British Medical Journal accuses UK government of the “suppression of science”

By Thomas Scripps
18 November 2020

The British Medical Journal has published an extraordinary editorial accusing the Boris Johnson’s Conservative government of the “politicisation, “corruption,” and “suppression of science”.

Last Friday’s article concluded, “Politicisation of science was enthusiastically deployed by some of history’s worst autocrats and dictators, and it is now regrettably commonplace in democracies. The medical-political complex tends towards suppression of science to aggrandise and enrich those in power. And, as the powerful become more successful, richer, and further intoxicated with power, the inconvenient truths of science are suppressed. When good science is suppressed, people die.”

The editorial by the journal of the British Medical Association is an indictment of the British ruling class’ “herd immunity” response to the COVID-19 pandemic that has created a humanitarian disaster. At every stage, the government ignored scientists’ calls for a national lockdown and warnings about the dire implications of keeping open workplaces, schools, colleges and universities.

Clinical staff care for a patient with coronavirus in the intensive care unit at the Royal Papworth Hospital in Cambridge, England, May 5, 2020 [Credit: Neil Hall Pool via AP]

On November 11, the UK passed the terrible milestone of 50,000 deaths. This is the official number, now standing at 52,745, including only those who died within 28 days of receiving a positive COVID test. But according to the government’s Office for National Statistics (ONS) and statistics agencies in Scotland, Wales and Northern Ireland, there have been more than 64,000 fatalities in which COVID-19 was mentioned on the death certificate. Since the pandemic began, the UK has suffered more than 70,000 “excess deaths”.

On average over the last week, more than 410 people were being killed by the disease every day, roughly four times the average death rate a month ago. As of last Thursday, almost 15,000 people were in hospital with COVID-19, more than triple the number a month ago, and more than 1,300 on ventilators, more than double the number a month ago.

These are the consequences of a surge of infections encouraged by the reckless reopening of the economy, schools and universities in the summer and autumn months. Officially, the seven-day average for the number of new daily cases is 25,331. But this figure is kept artificially low by the effective collapse of the government’s testing system. The ONS estimates there are around 50,000 new cases each day.

Commentators in the corporate media have seized on the ONS data to proclaim that the pandemic is “stabilising” and Johnson’s one-month “lockdown”— begun on November 4 and leaving schools, universities and many workplaces open—is working. This is cynical propaganda for the government and its murderous policies. The ONS data only shows that the rate of increase in infections is slowing, meaning the epidemic is still expanding, and from an extremely high level.

More than 710,000 people across the UK were infected with COVID-19 in the week to November 6. The R0 (reproduction rate) is estimated to be between 1 and 1.2 nationally, signifying a growing number of cases, and infection rates are increasing nationally among the more at-risk older age groups and regionally in the south east, south west, and north east of the country. Hull’s infection rate recently soared to 783 per 100,000 people—triple the average for England.

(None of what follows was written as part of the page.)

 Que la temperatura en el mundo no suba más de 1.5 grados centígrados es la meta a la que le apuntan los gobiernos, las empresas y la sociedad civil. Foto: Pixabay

Professor Neil Fergusson, a respected epidemiologist at Imperial College London, believes the current lockdown restrictions will reduce the R0 to just 0.8 or 0.9 and even the most optimistic modelling suggests 0.6 is the lowest it will go. By December 2, when the lockdown ends, rates of infection will still be dangerously high and free to explode once again. The government’s Scientific Advisory Group for Emergencies (SAGE) has warned that the government’s “Tier system”, which will be reimposed once the current restrictions end, will not prevent another surge of the virus in the winter.

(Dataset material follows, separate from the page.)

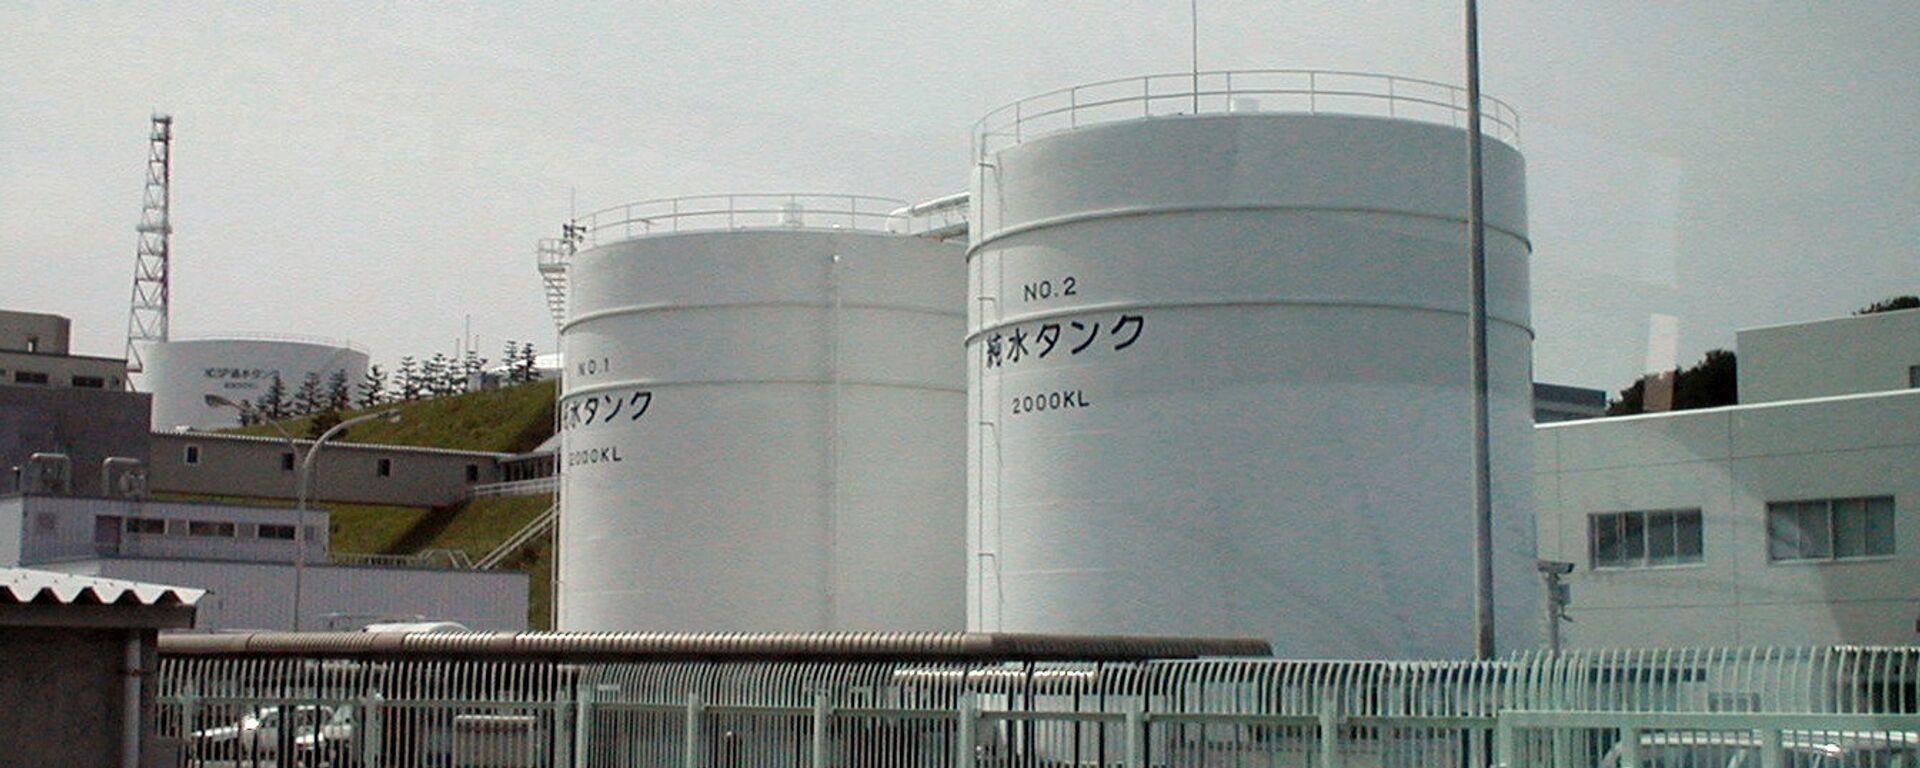 La planta japonesa de Fukushima. - Sputnik Mundo, 1920, 14.02.2021

The government only implemented the current lockdown to stave off a feared social backlash over mounting deaths and a widely predicted collapse of the National Health Service this winter. Their intention was to buy enough time to throw open the whole economy again in the lead up to Christmas and in January, when a vast percentage of retail and hospitality trade is done.

Indicative of the profits before lives agenda is the government’s decision yesterday—after big business demanded it—to exempt seasonal poultry workers arriving in the UK from abroad from lockdown rules so that they can start work straight away during what should be a 14-day quarantine. Transport Secretary Grant Shapps said it meant that food producers can “keep up with the Christmas demand” for turkey.

The corporations’ Christmas profits will be bought at the cost of tens of thousands more lives. Government officials have raised the prospect of a third lockdown or a series of so-called “circuit breakers” to come, acknowledging that new waves are on the way.

Johnson is under orders from up to 100 of his MPs not to introduce any additional national restrictions that would hinder profit-making. A backbench Tory rebellion over the current lockdown was only averted with the promise that Johnson committed that it would not be extended beyond December 2. According to the Financial Times, Johnson told Tory donors over the weekend “that further coronavirus lockdowns could be avoided.”

Another healthcare catastrophe is building up. In the summer, the NHS Confederation was warning that the waiting list for NHS treatment could reach 10 million by Christmas. The NHS reported in September that 2 million people had been waiting for more than 18 weeks. As of last week, nearly 140,000 of people had been waiting more than a year—the highest level since 2008. The number was just 1,600 this February.

There have been 19 million fewer dental treatments since March compared to the same period last year and as of September-October dental practices were still operating at just one third of the normal level.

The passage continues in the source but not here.